Sickle Cell Disease, How to Deal With Complications and Treatment?
What Can You Do to Deal With complications and Treatment For Sickle Cell Disease?
Sickle disease Overview:
Sickle cell disease is the name for a group of inherited health conditions that affect red blood cells. The most serious type is called sickle cell anemia.
Sickle cell disease is particularly common in people with African or Caribbean family backgrounds. People with sickle cell disease produce unusually shaped red blood cells that can cause problems because they do not live as long as healthy blood cells and can block blood vessels.
Sickle cell disease is a serious and lifelong health condition, although treatment can help manage many of the symptoms.
- Healthy red blood cells are round and they move through small blood vessels carrying oxygen to all parts of the body.

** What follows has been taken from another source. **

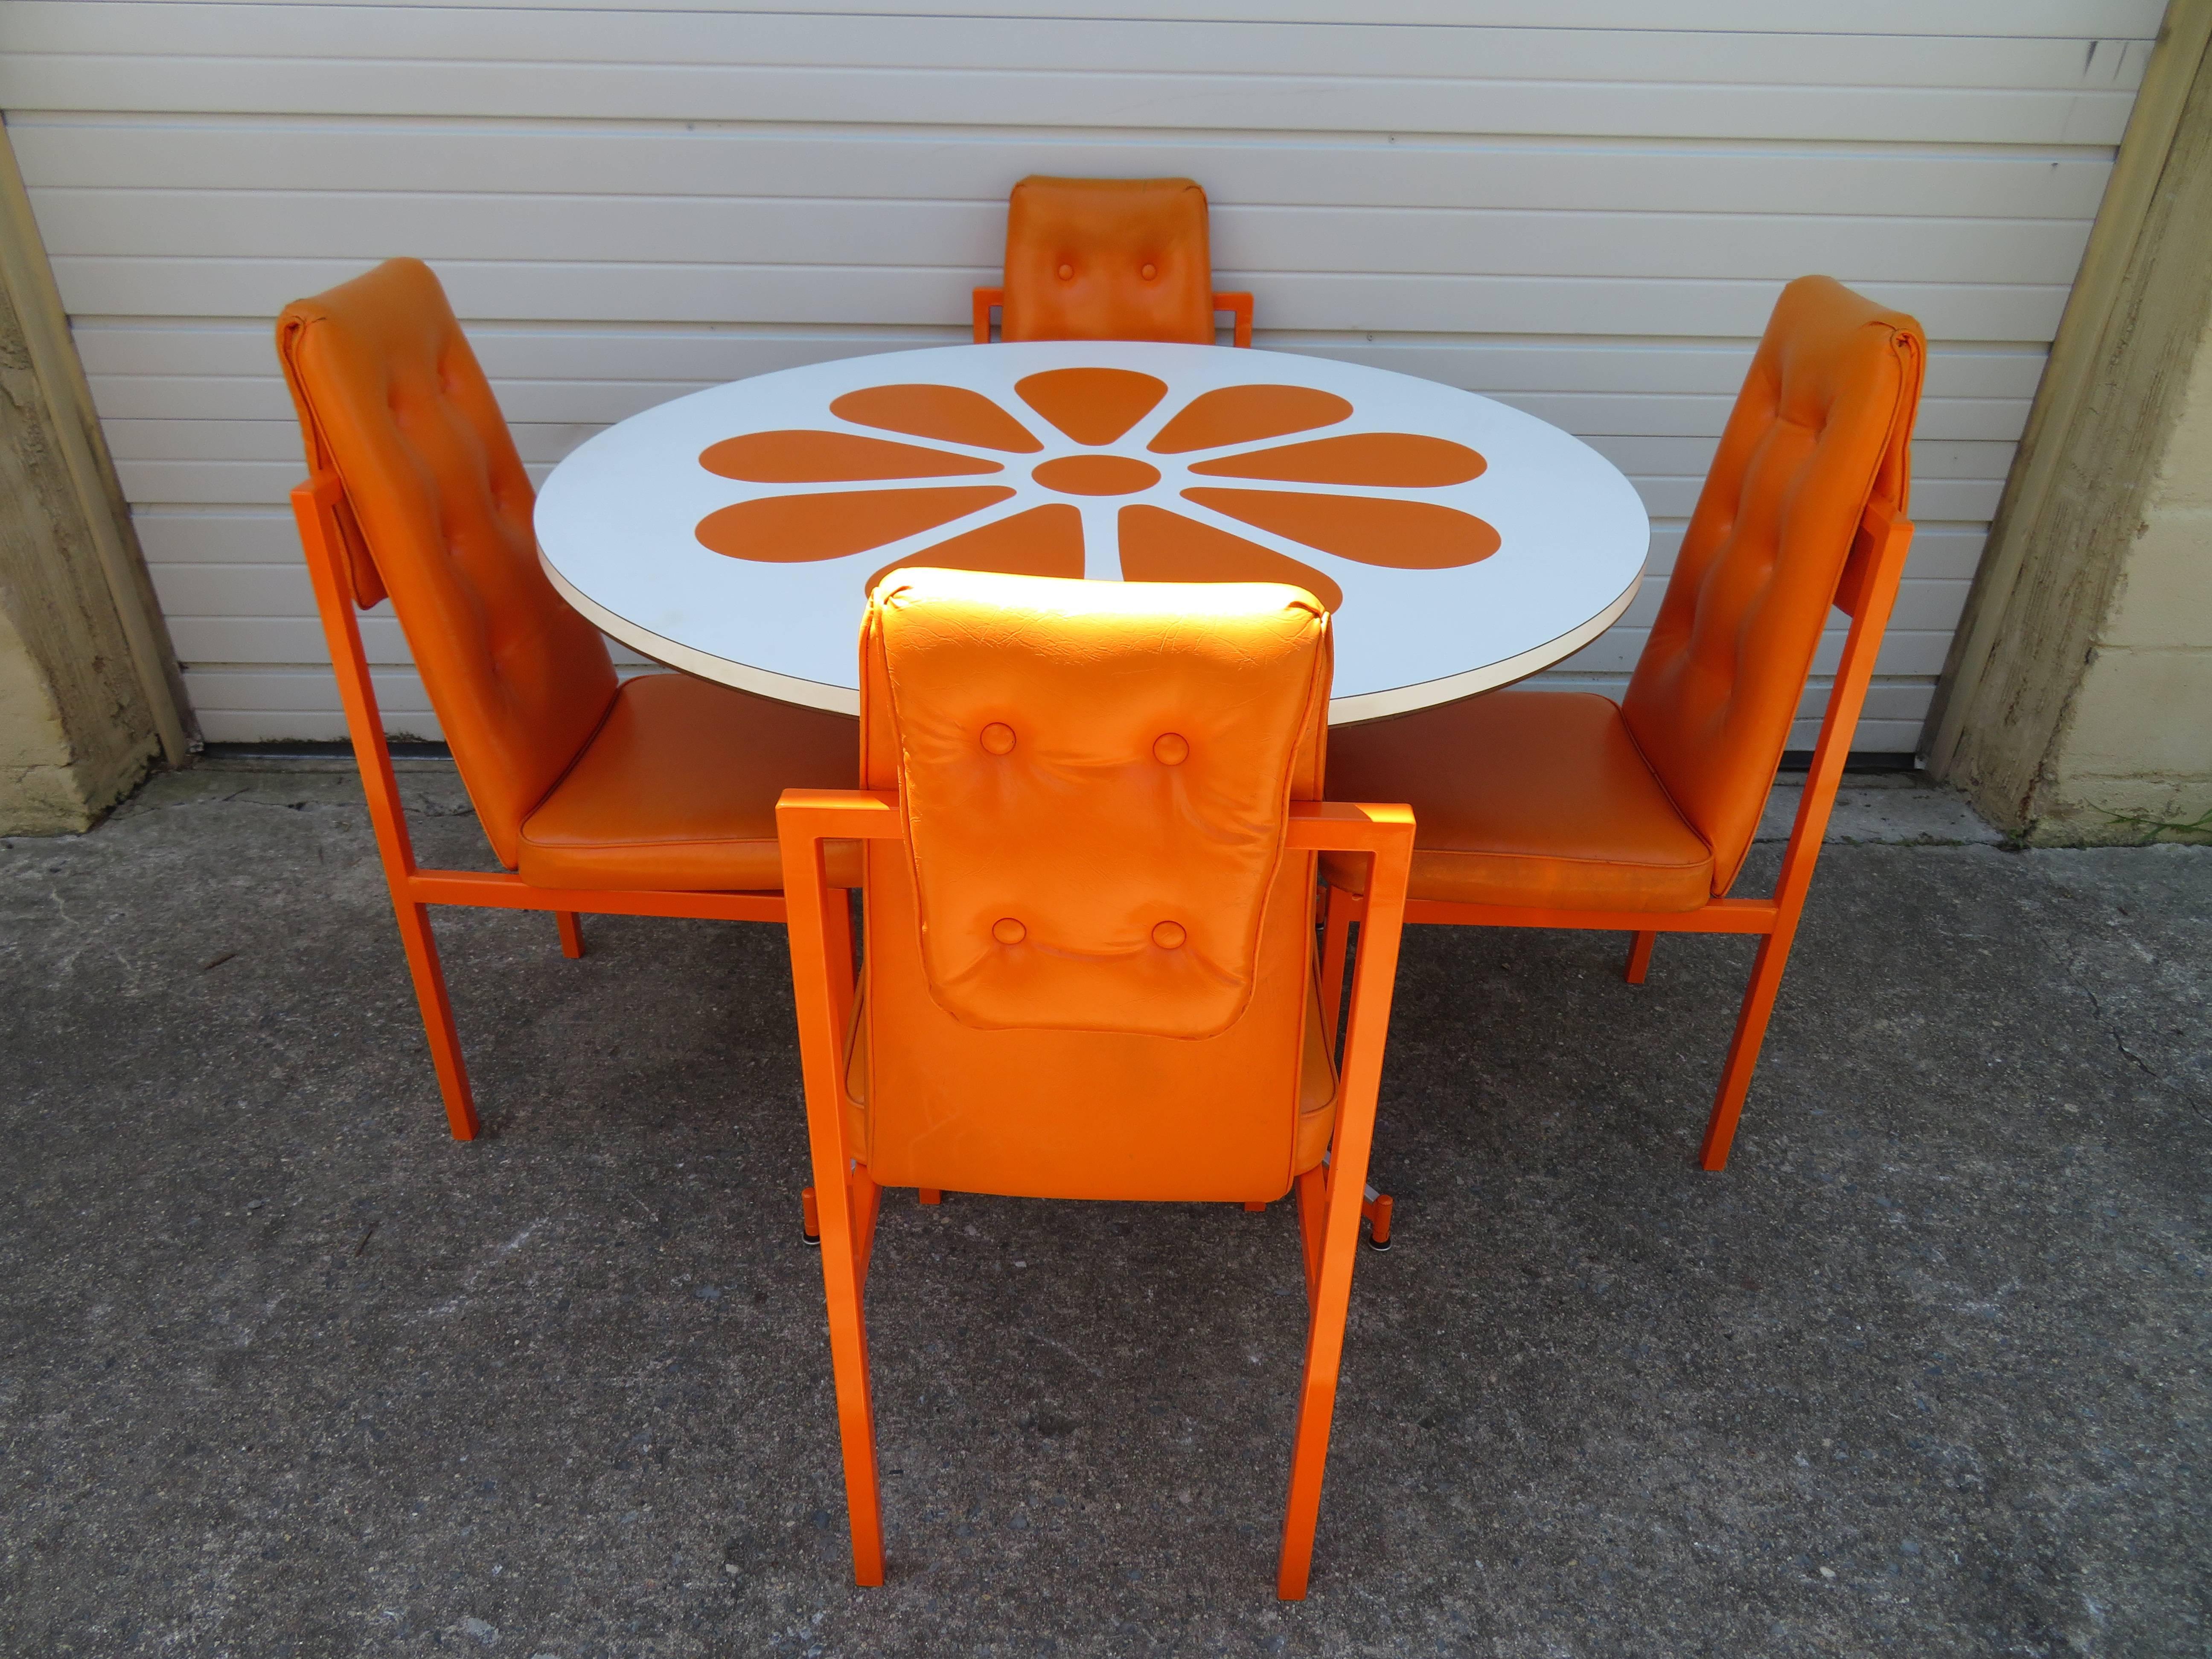 Magnifique ensemble de quatre chaises de salle à manger amusantes avec une table de salle à manger orange à fleurs en tranches assortie. Tous les cadres métalliques ont été fraîchement recouverts d'une peinture en poudre de la même couleur qu'à

- In SCD, the red blood cells become hard and sticky and look like a C-shaped farm tool called a “sickle”.
- Sickle cells die early, which causes a constant shortage of red blood cells.
- Also, sickle cells can get stuck in small blood vessels and block the flow of blood and oxygen to organs in the body. These blockages cause repeated episodes of severe pain, organ damage, serious infections, or even stroke.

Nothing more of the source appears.